The next chapter formally introduces strings and command-line arguments.

Consistency With Java

Java is a pure object-oriented language representing fundamental and structured data differently. It represents fundamental data, int, double, etc., as simple bit patterns in memory. In contrast, it represents structured data, including arrays, as objects - instances of an unnamed class.

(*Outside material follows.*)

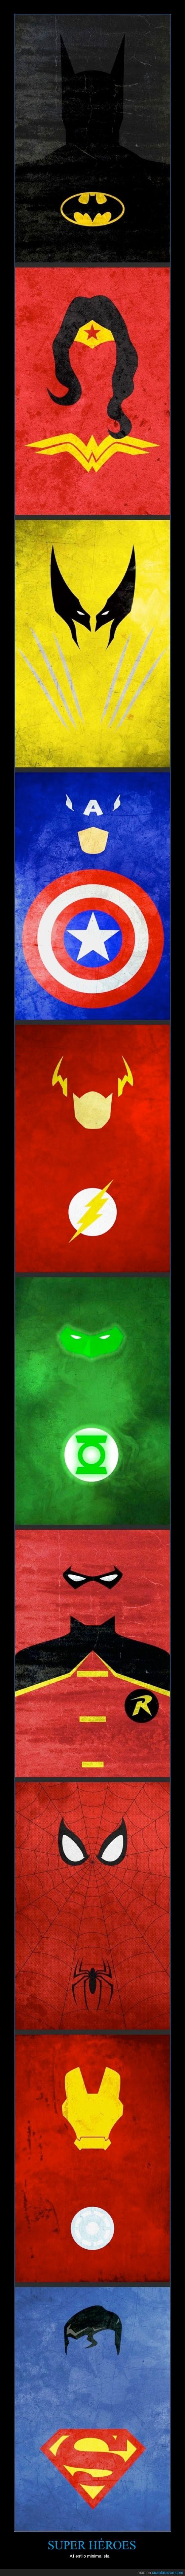 batman,capitn america,flash,hombre araña,iron man,linterna verde,mujer maravila,robin,superman,xmen

public int[][] array = new int[3][2]; public int[][] array = new int[2][3];
  
The illustration shows the variable 'array' pointing to an array consisting of three elements. Each element points to an array with two elements. The illustration shows the variable 'array' pointing to an array consisting of two elements. Each element points to an array with three elements.
Java arrays. Java automatically implements a two-dimensional array as an array of arrays. Therefore, switching array indexes in a Java program results in a substantially different data organization in memory. Programmers implementing systems utilizing both languages or converting programs between languages face less confusion and make fewer errors when using the same index order.

Index Order Summary

If used consistently, some programs function correctly with either index order. However, some features and the programs utilizing them require a rows x cols or [rows][cols] index order. Other systems require this order, making it customary for C++ programmers. So, throughout this textbook, rows first, followed by columns, is the "correct" order.